Many of the biggest losers in the current crisis were big lenders to Long Term Capital Management and they could have established internal controls that would have prevented the recurrence of stupid lending, but they chose not to. Again gain a better understanding of the term “moral hazard” by the study of the Long Term Capital Management bailout. The subsequent ability of the banks to recover all the money they loaned to LTCM and contributed to the bailout did nothing to encourage them to institute safeguards to prevent sloppy lending.
Indeed, why should they have done so? The loans pump up the banks earnings and the employees bonuses, and where is the risk if when stupidity gets the best of you, the FED will be there to bail you out.
So again we have to ask the question what if LTCM instead of going to the FED had been placed in Bankruptcy and lenders forced to accept pennies on the dollar. This would have caused problems for the banks, and maybe a failure or two, but might they not have paid more attention to the risk in the future? Was not the end result of this intervention the replacement of a big problem 1998 in for a much larger one in 2008?
In 1998 the stock market was well into what had become an 8 year bull market. When Long Term Capital Management threatened to end this run, Greenspan reduced the Discount Rate three times in rapid succession. The stock market which had been tanking turned around took off as tech stocks ascended to orbit in 1999.
Although the “Greenspan Put” was a big factor in turning Wall Street blind to risk, it was certainly not the only factor. Nor was the Federal Reserve the only instrument of the federal government that fed the mortgage crisis. The Tax deduction for mortgage interest certainly encouraged the public to increase their debt. To this the Clinton Administration added a huge tax exemption for the tax on capital gains.
Congress did their bit by continuing to pressure on Fanny and Freddy to encourage home ownership for subprime borrowers, and by always pressuring the FED to lower interest rates. The causes of our current credit crisis are many and varied but it is not going to help our understanding by trying to place all the blame on Wall Street and greedy, over paid CEO’s.
Hyman Minisky identified the central irony free market economics.

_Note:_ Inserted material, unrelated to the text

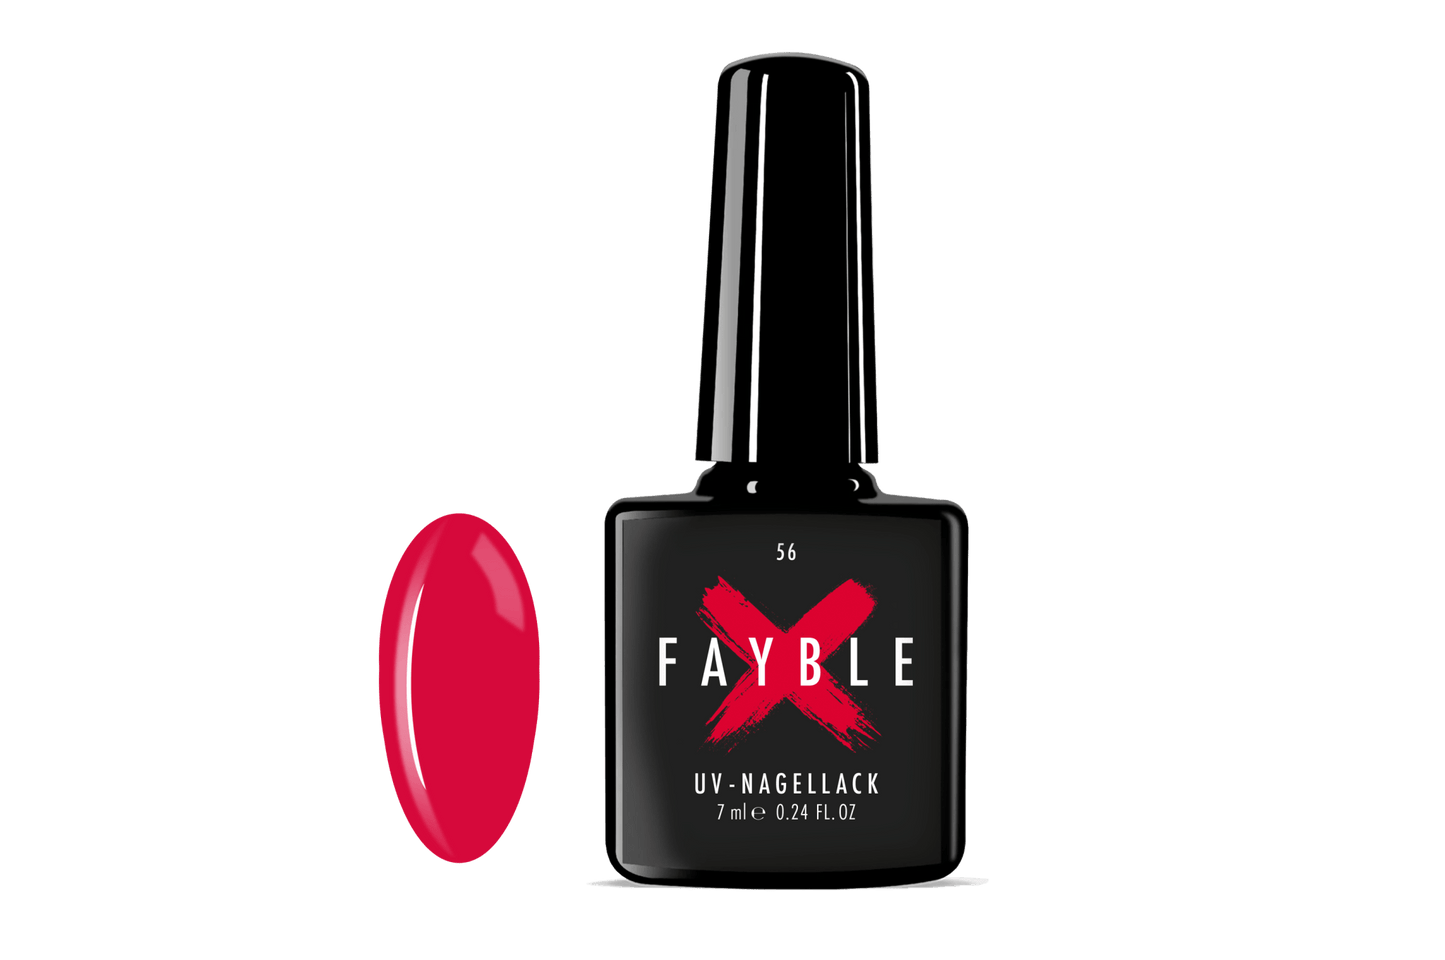 FAYBLE | UV-Nagellack Nr. 56 - FAYBLE
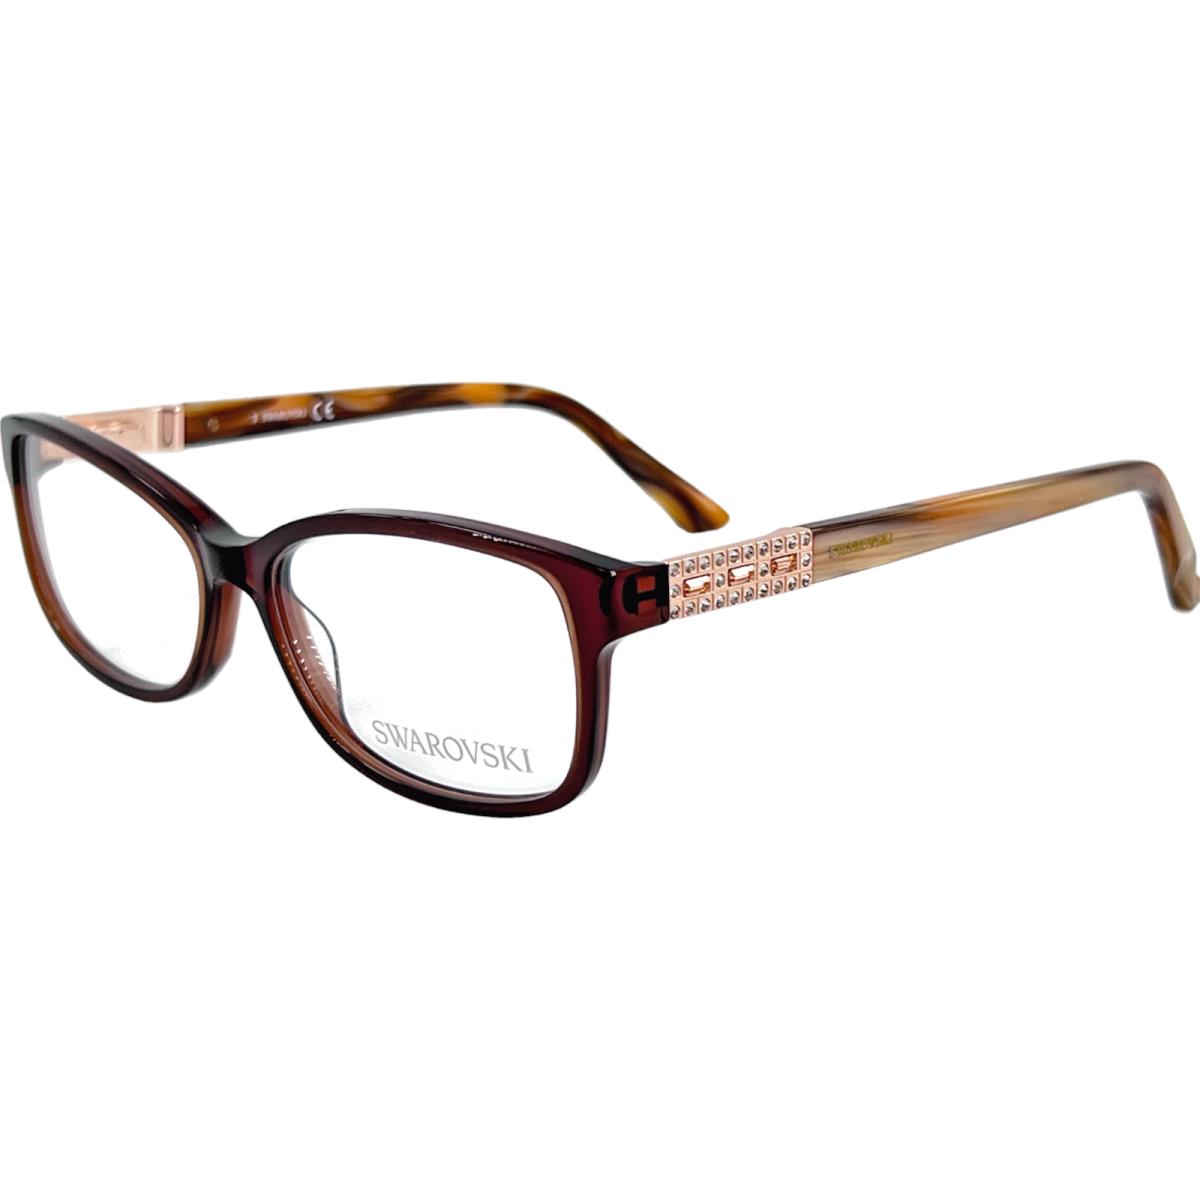 Swarovski SW5155 Foxy Women`s Plastic Eyeglass Frame 045 Lt Brown 53-14 W/case - Frame: Brown

He said “Stability is Unstable” The longer banks go without experiencing problems in their loan portfolio the more they will be tempted lower their loan standards. Implicit in this irony is the totally unacceptable (but inescapable) conclusion that government intervention such as we saw from Greenspan’s FED that is initially successful, probably will eventually make the problem worse. This may also lead us to conclude that the ultimate cause of the lean years is the fat years, and to accept market cycles as inevitable.
None the above should be read as a screed against regulation, but an objective view of history leads to the conclusion that there are limits to its benefits. Regulation that increases available information about market participants for example 10Ks, 10Qs, 13fs, etc., helps to create more efficient markets.
But when any Federal agency tries to sell a program that claims to solve basic problems of human behavior such as Mr. Market Bi-polar disease; or to overcome the inclination of long periods of strong economic performance to nurture the growth of fraud and other human foolishness; we can rest assured that the end result will not only be a waste of time, but that it will eventually lead to an increase in general pain and suffering.